■ INSTRUCTIONS FOR THE TASK: Start to finish, return the listing below exactly, pictures excluded.

■ SUPPLIED MATERIAL:
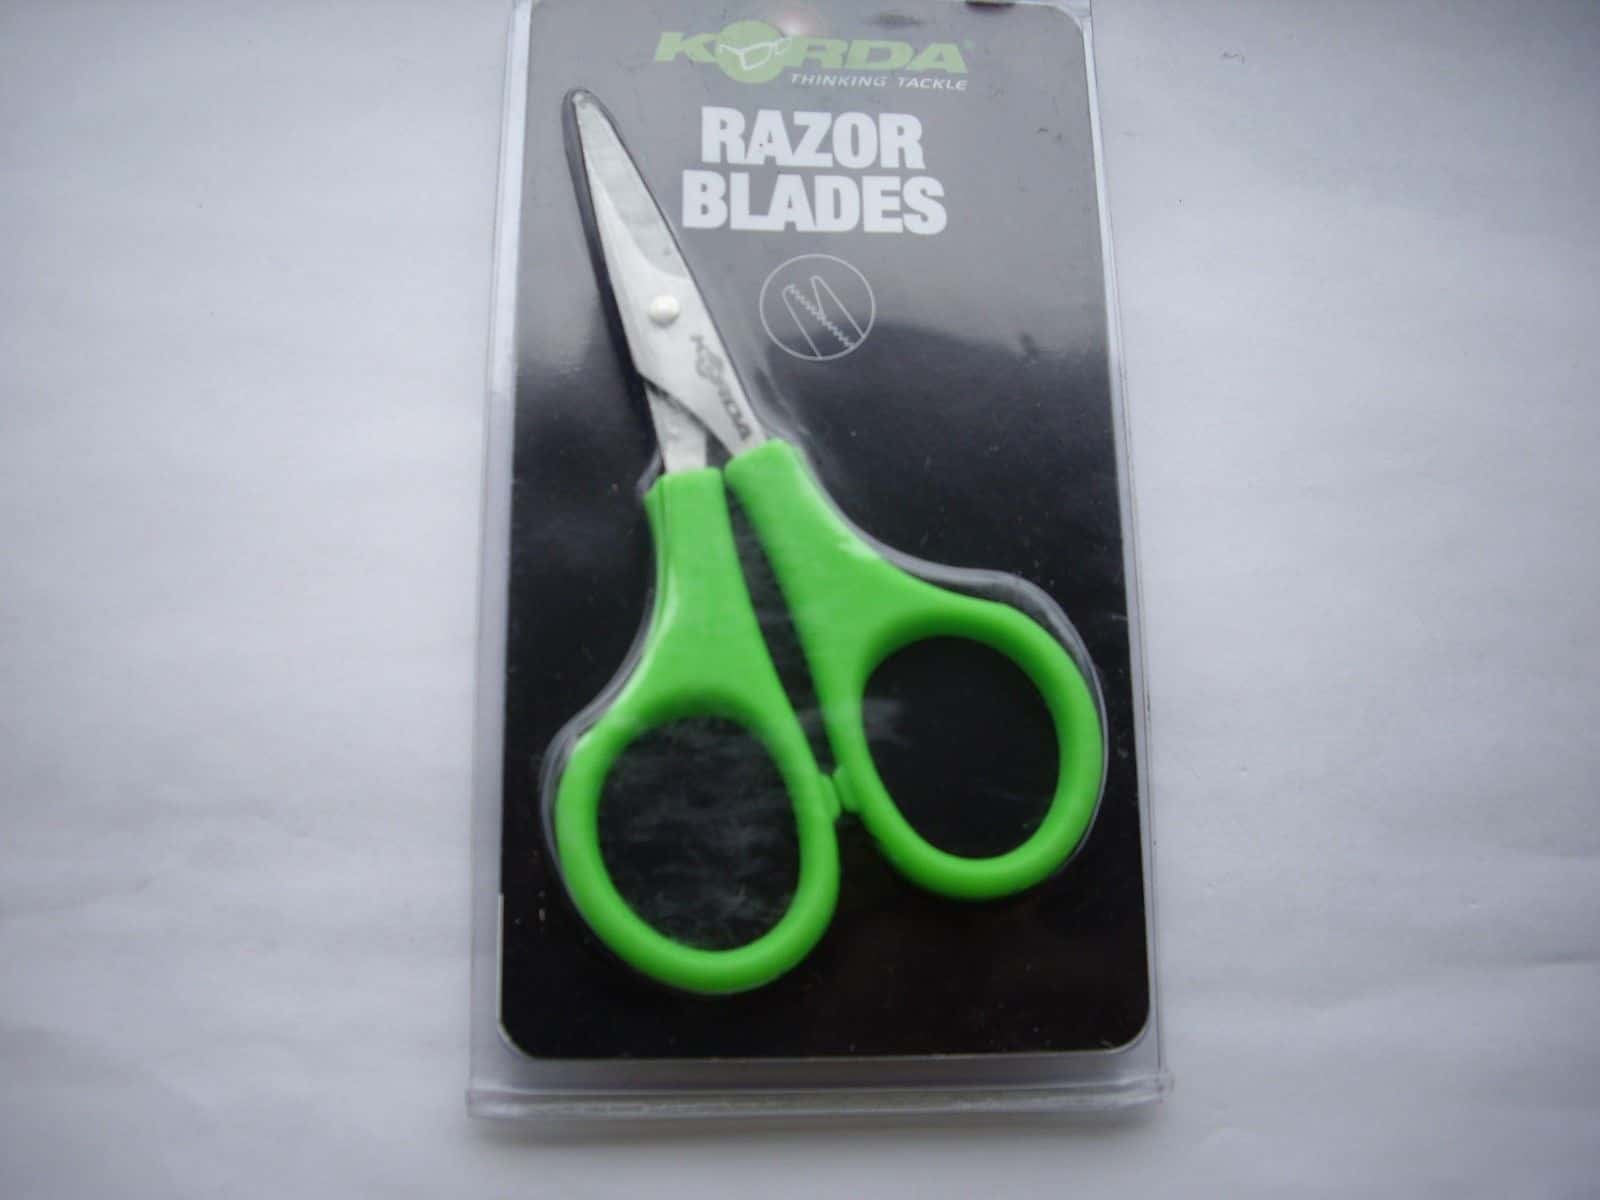 The Best Scissors To Use… Period
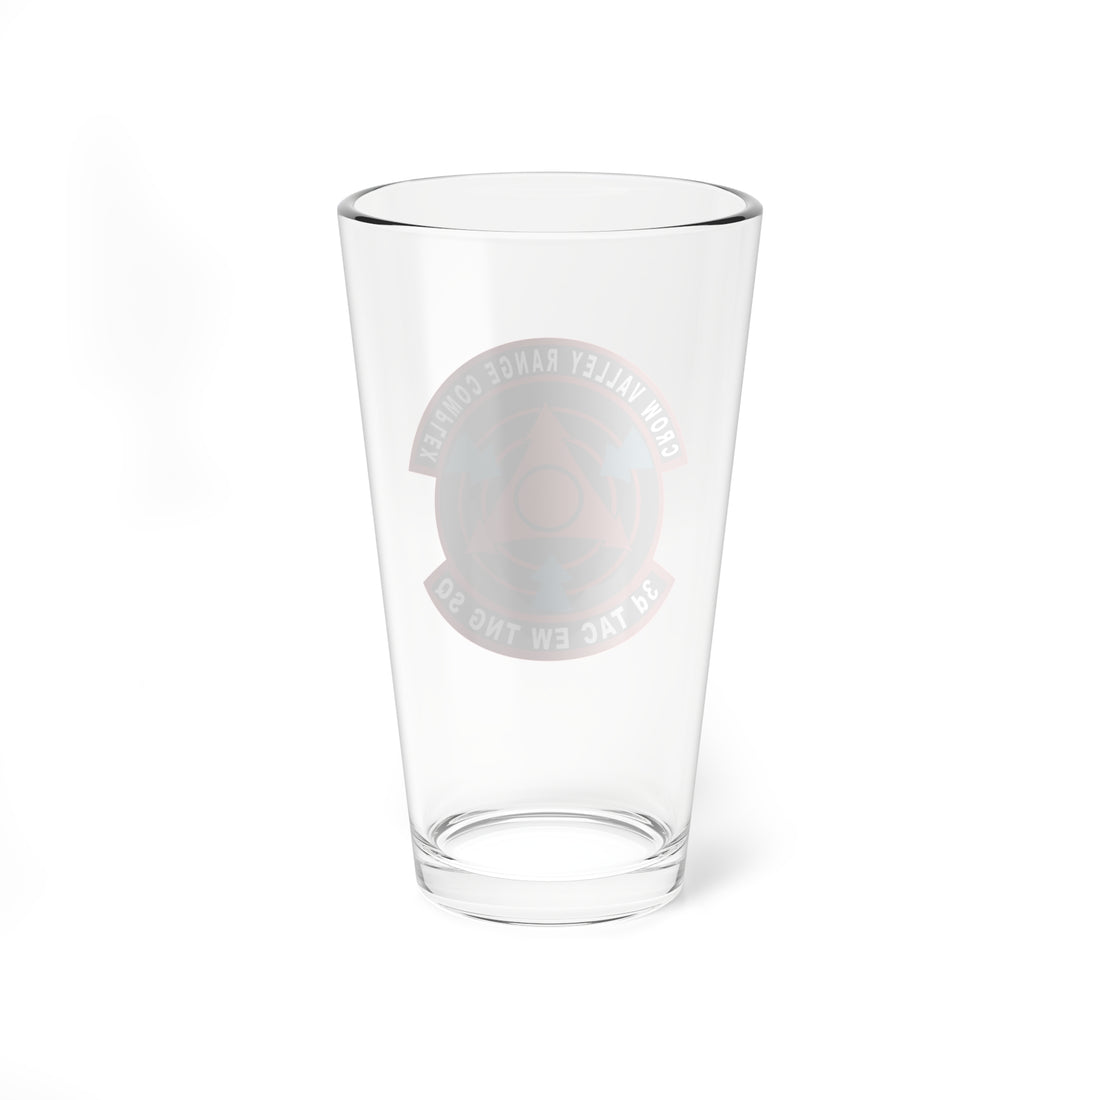 3rd TEWTS Pint Glass, USAF Tactical Electronic Ware Training Squadron Crow Valley Range
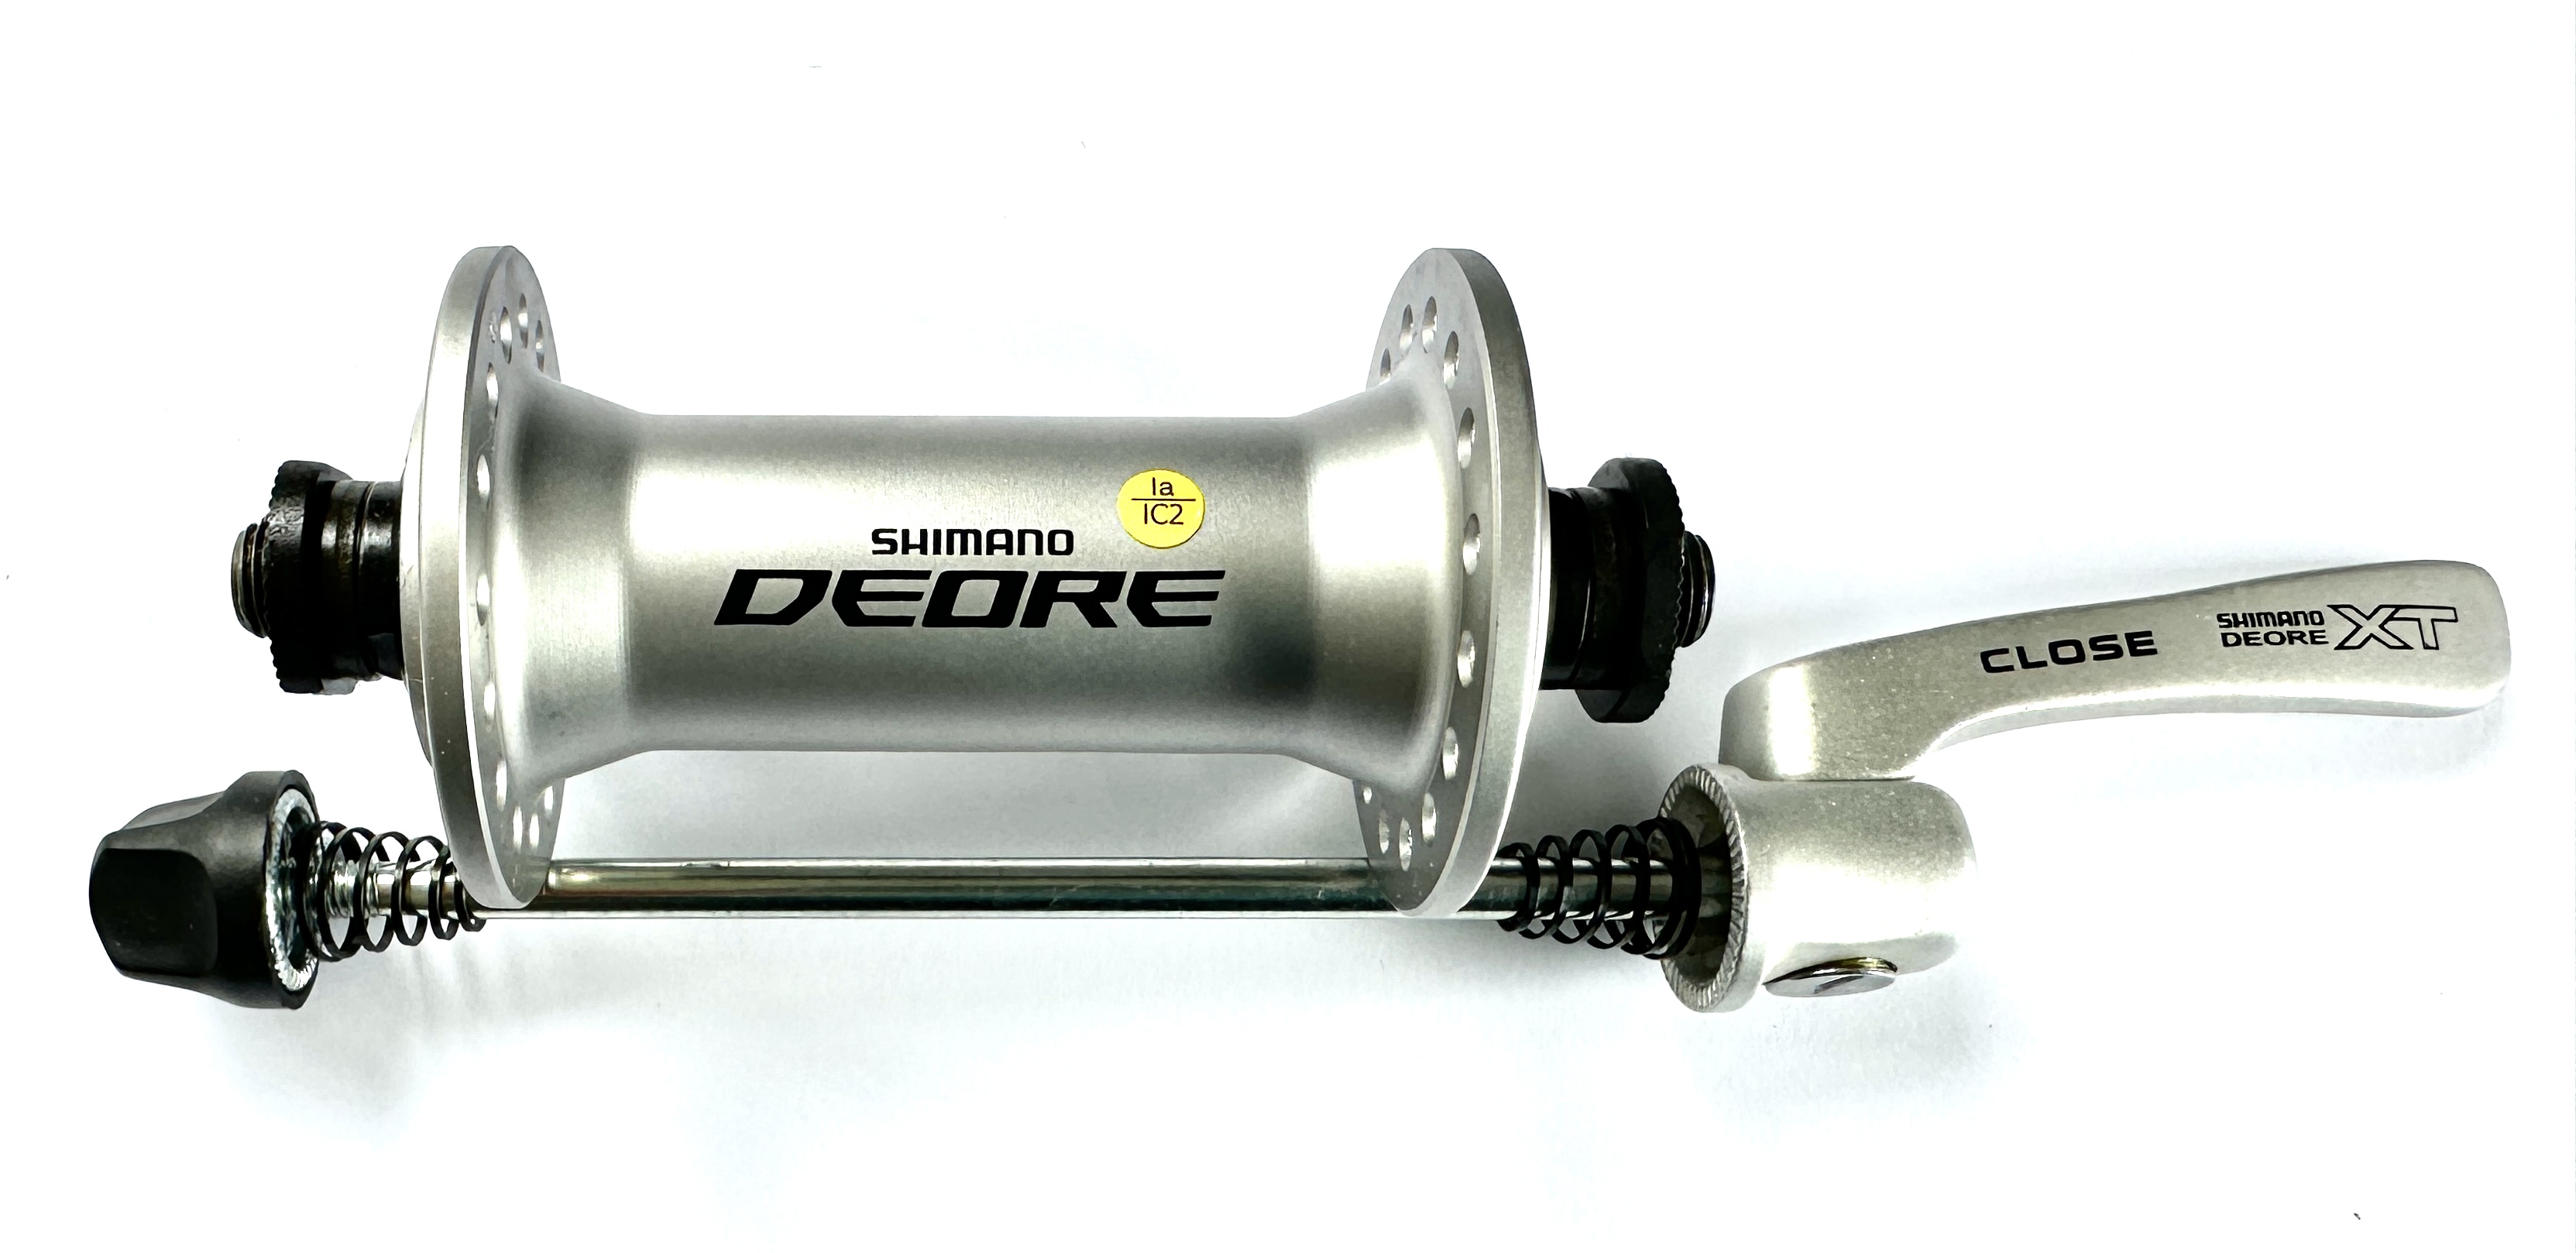 Shimano Deore HB-M590 front hub 32-hole, silver

■ REPLY TO THE EXERCISE:
 The Best Scissors To Use… Period
 3rd TEWTS Pint Glass, USAF Tactical Electronic Ware Training Squadron Crow Valley Range
 Shimano Deore HB-M590 front hub 32-hole, silver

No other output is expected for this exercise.